_PROVIDED MATERIAL_
****************

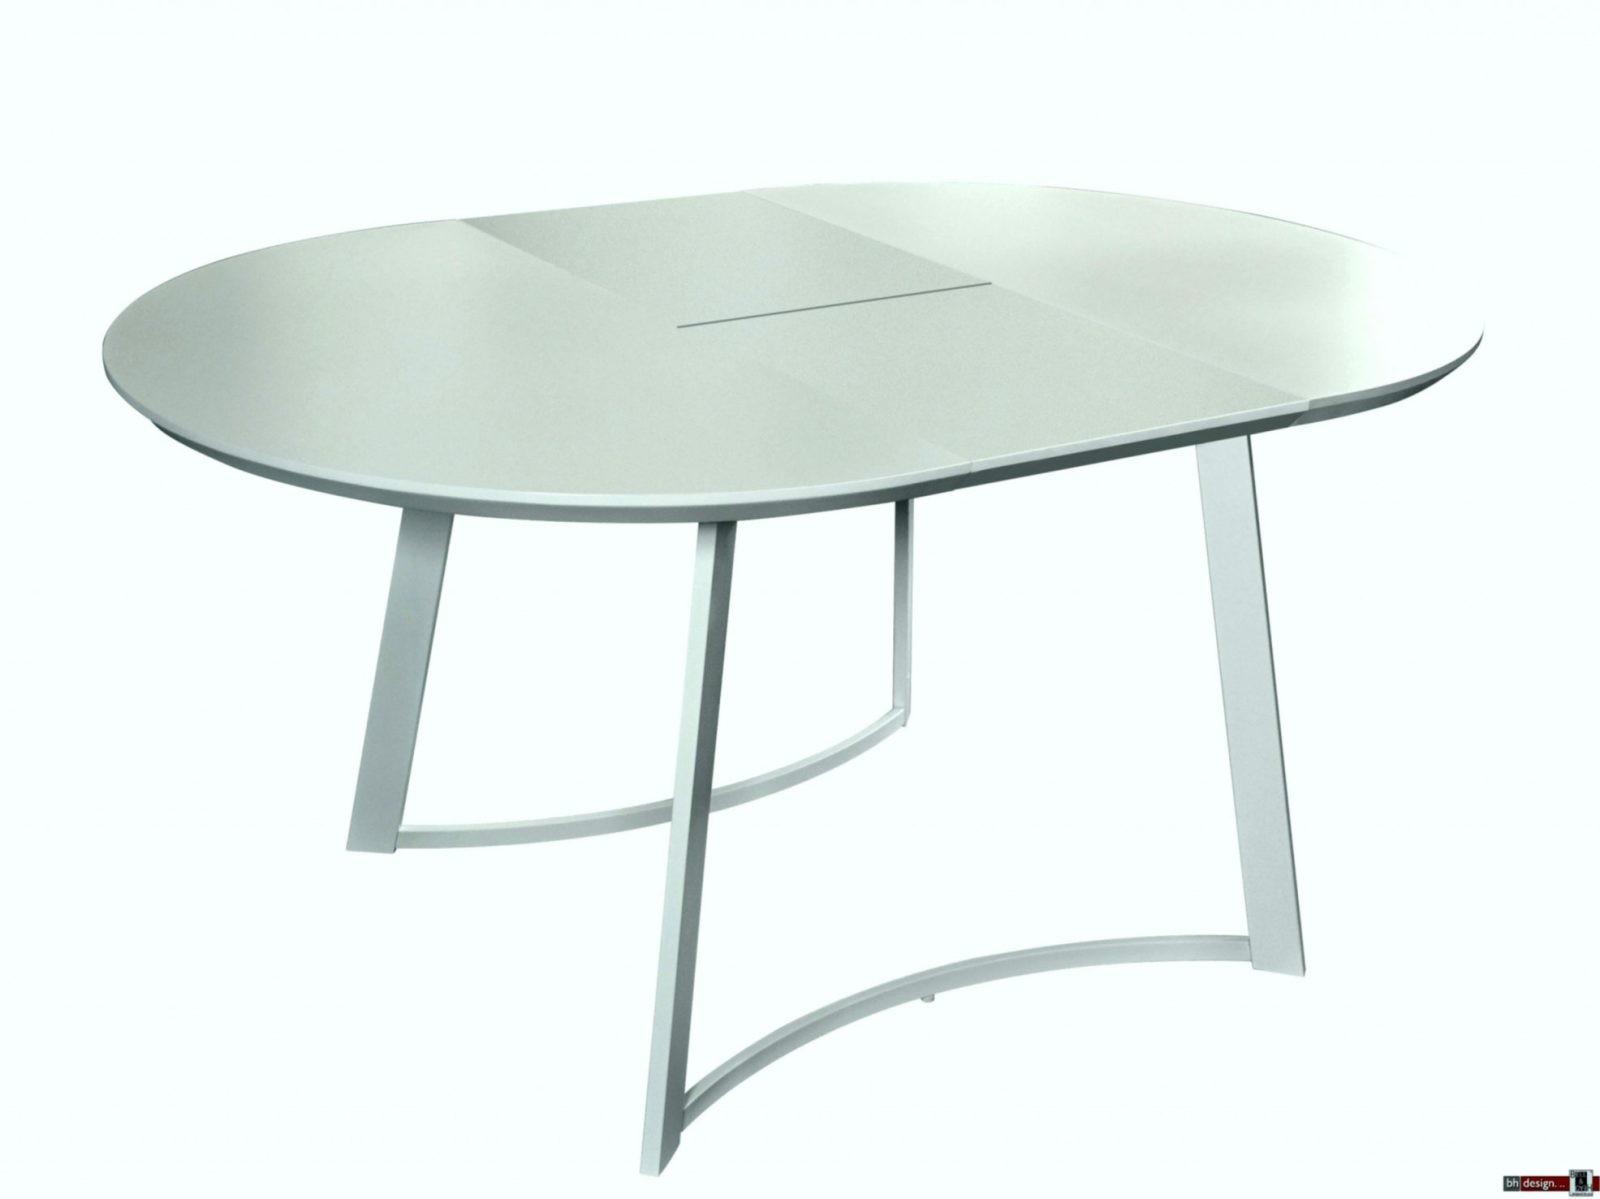 Kleiner Esstisch Zum Ausziehen – New Esstisch von Kleiner Küchentisch Zum Ausziehen Bild
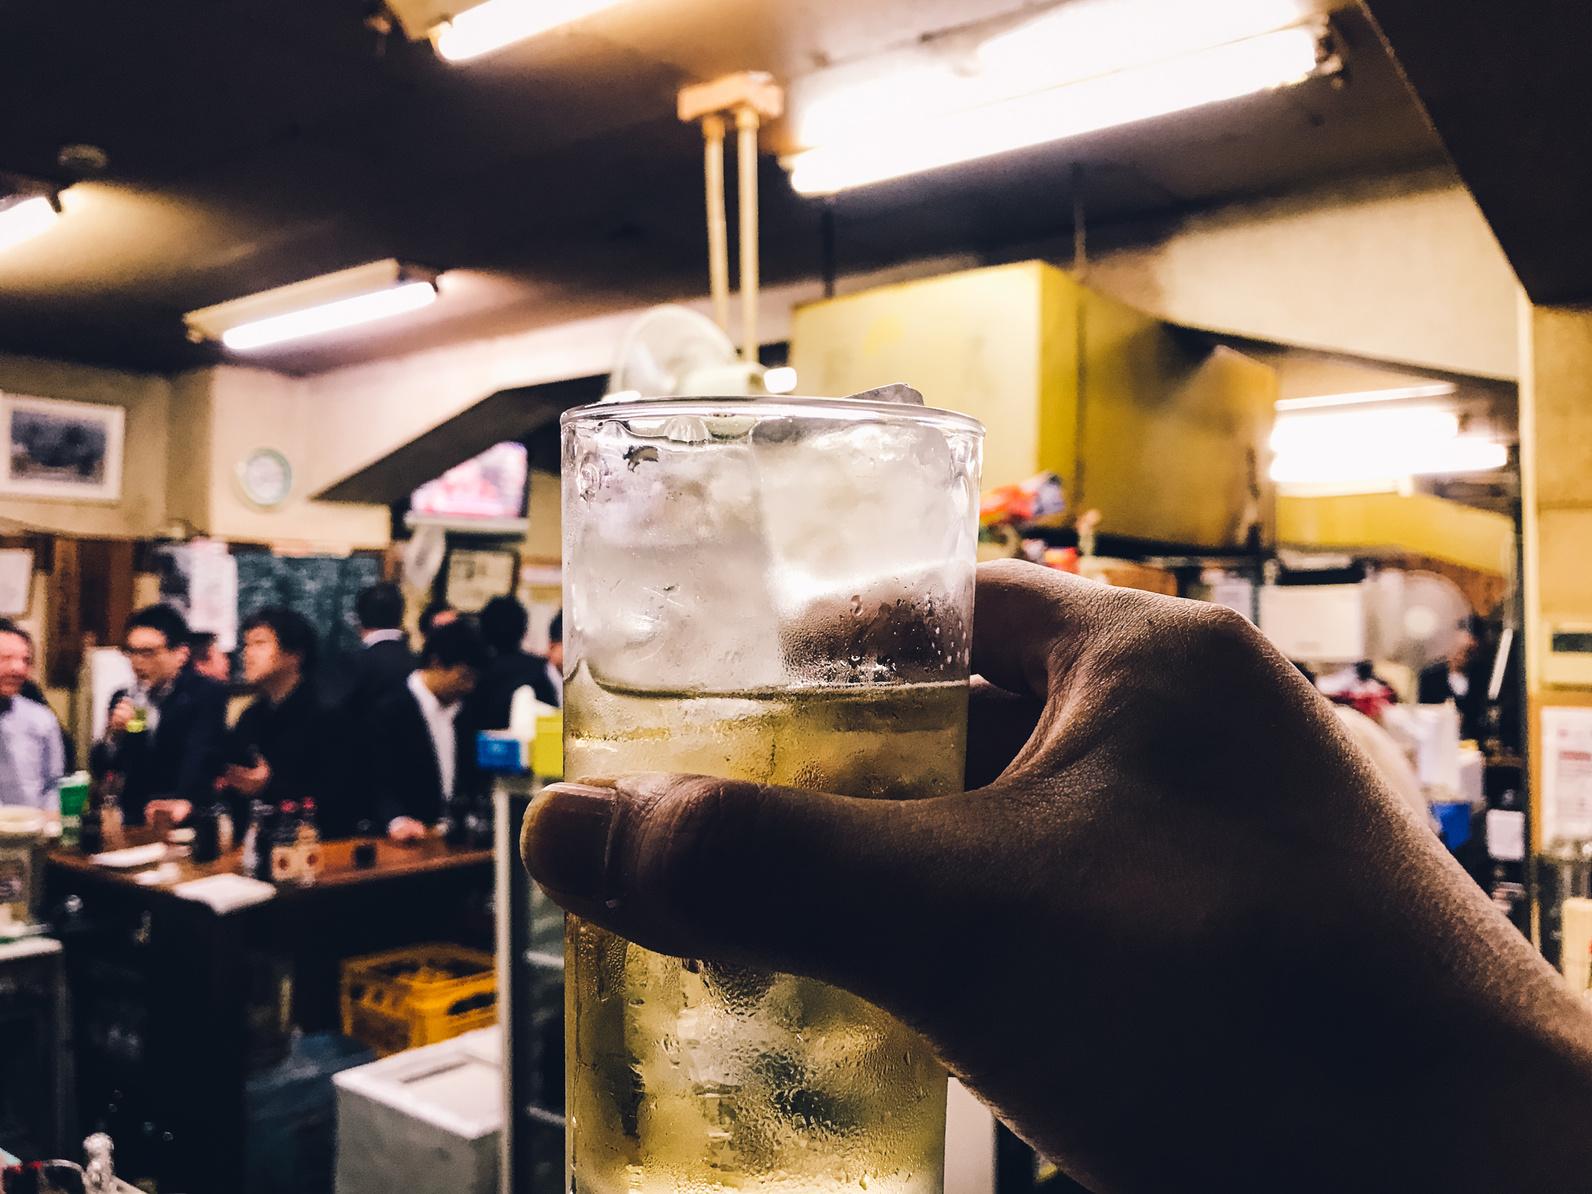 一人飲みの40代独女が「天国のようにモテた場所」それは♯1
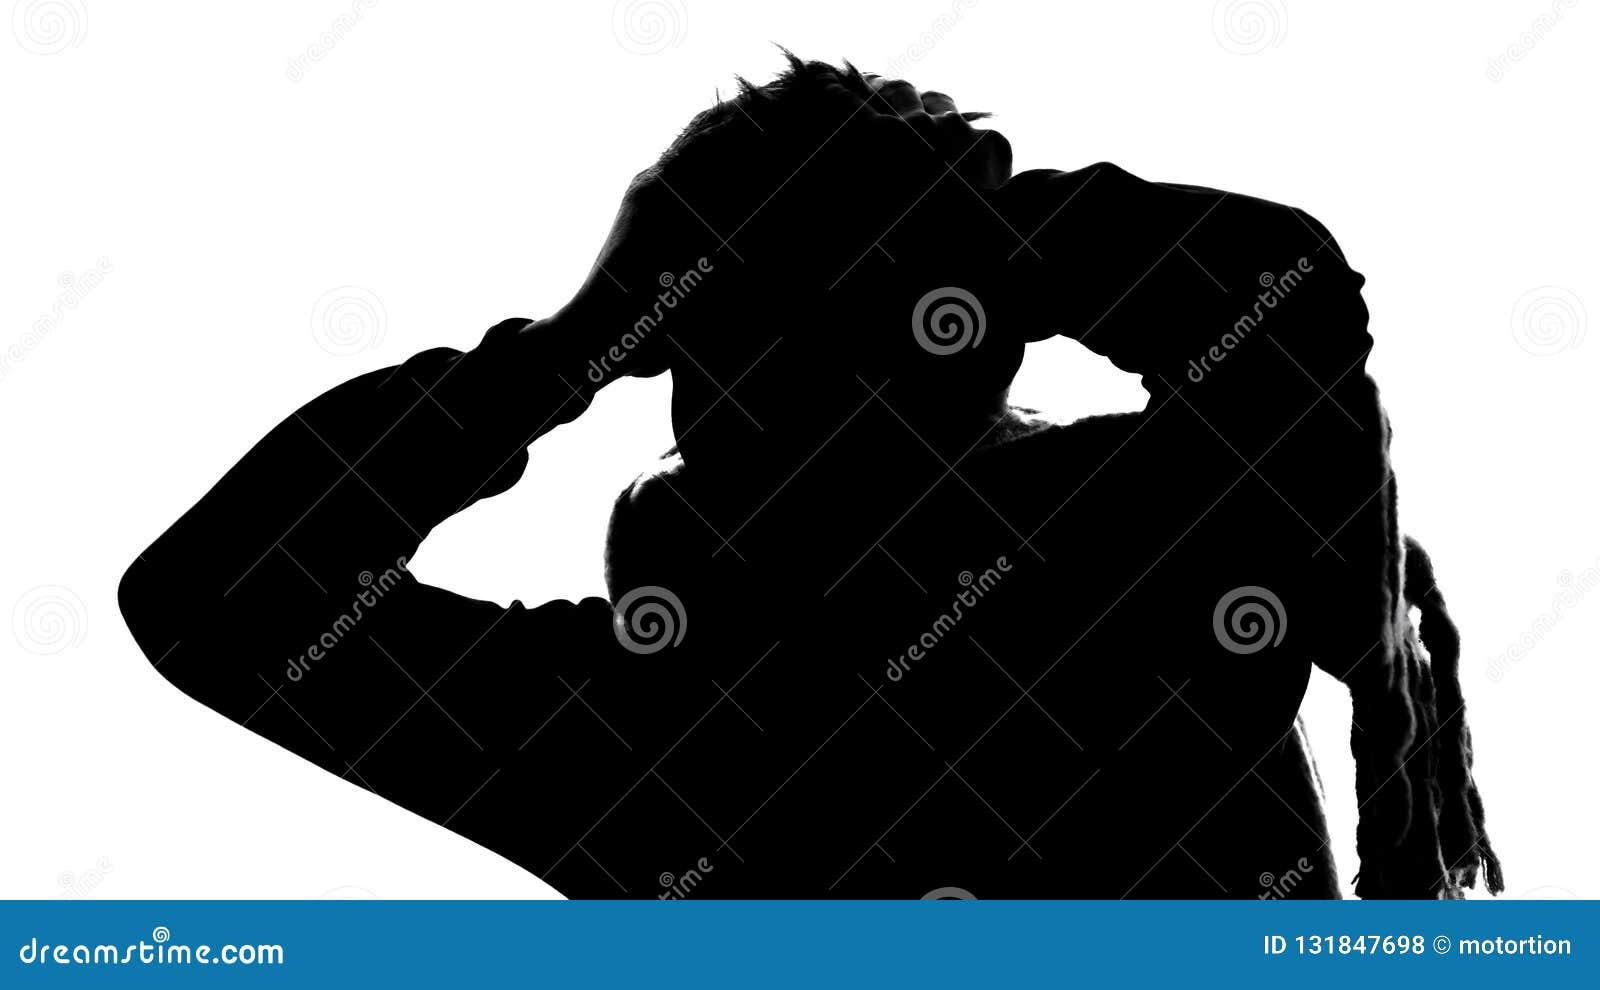 Σκιά του νεαρού άνδρα που πάσχει από τον πονοκέφαλο, υψηλής θερμοκρασίας, ημικρανία, πυρετός

****************

_BRIEF_
Repeat the listing above word for word and leave its images out.

_RESPONSE BELOW_
 Kleiner Esstisch Zum Ausziehen – New Esstisch von Kleiner Küchentisch Zum Ausziehen Bild
 一人飲みの40代独女が「天国のようにモテた場所」それは♯1
 Σκιά του νεαρού άνδρα που πάσχει από τον πονοκέφαλο, υψηλής θερμοκρασίας, ημικρανία, πυρετός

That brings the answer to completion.